Diet and lifestyle choices can play a role in mitigating genetic risk for dementia and other diseases. For example, it is known that a diet rich in anti-inflammatory foods, such as fruits and vegetables, and low in saturated fats and refined carbohydrates, can help reduce the risk of developing Alzheimer’s disease. Regular physical activity and cognitive training can also help improve cognitive function and reduce the risk of developing dementia.
Conclusion
The study conducted by the International Genomics of Alzheimer’s Project found that the immune system gene network DR15 haplotype in the HLA region has a central role in Alzheimer’s disease risk. The findings point to potential shared and/or interacting mechanisms and co- morbidities in the MHC locus. The results have important implications for individuals who may be at risk for Alzheimer’s disease. The findings emphasize the need recognize the role of the immune system gene network and its activation in cognitive decline, dementia and ultimately Alzheimer’s disease.
| Gene Variant | Gene | Effect Size | Frequency | Significance |
|---|---|---|---|---|
| rs7920721_G | ECHDC3 | 0.08 | 39% | 1.8 x 10-11 |
| rs138190086_A | ACE | 0.26 | 2% | 5.3 x 10-9 |
| rs593742_G | ADAM10 | -0.07 | 30% | 6.8 x 10-9 |
| rs12881735_C | SLC24A4 | -0.08 | 22% | 7.4 x 10-9 |
| rs2830500_A | ADAMTS1 | -0.07 | 31% | 2.6 x 10-8 |
| rs71618613_C | SUCLG2P4 | -0.29 | 1.0% | 3.3 x 10-7 |
| rs35868327_A | FST | -0.32 | 2% | 2.6 x 10-7 |
| rs114812713_C | OARD1 | 0.32 | 3% | 2.1 x 10-7 |
| rs62039712_A | WWOX | 0.17 | 12% | 3.7 x 10-7 |
| rs4735340_A | NDUFAF6 | -0.06 | 48% | 9.2 x 10-8 |
| rs7295246_G | ADAMTS20 | 0.06 | 41% | 3.9 x 10-7 |
| rs10467994_C | SPPL2A | -0.06 | 33% | 4.3 x 10-7 |
| rs7185636_C | IQCK | -0.08 | 18% | 2.4 x 10-8 |
| rs2632516_C | MIR142/TSPOAP1-AS1d | -0.06 | 44% | 5.3 x 10-8 |
Table 1. Gene Variant, Effect Size, Frequency, and Significance for novel variants associated with increased or decreased risk of Alzheimer’s disease. (Adapted from Kunkle et al. 2019).
- References
Kunkle, B.W., Grenier-Boley, B., Sims, R. et al. (2019).
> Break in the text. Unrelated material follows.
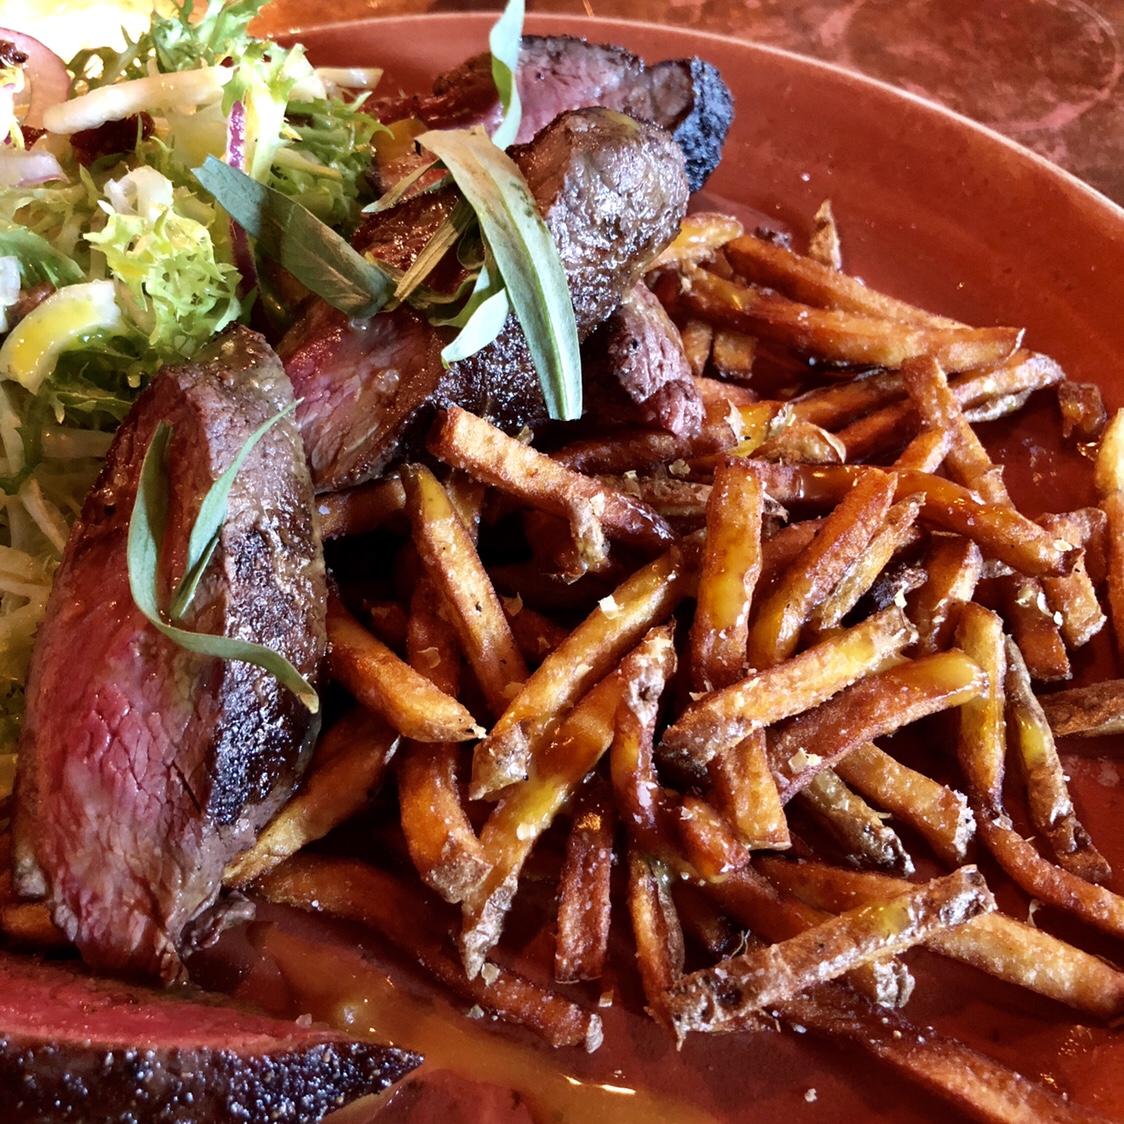 8 oz Culotte Steak Frites | Buffalo Proper #buffaloproper #buffalony #buffalo #westernny #buffaloeats

Genetic meta-analysis of diagnosed Alzheimer’s disease identifies new risk loci and implicates Aβ, tau, immunity and lipid processing. Nat Genet 51, 414–430. Perricone C, Ceccarelli F, Nesher G, Borella E, Odeh Q, Conti F, et al. Immune thrombocytopenic purpura (ITP) associated with vaccinations: a review of reported cases. Immunol Res. 2014;60(2-3):226-35.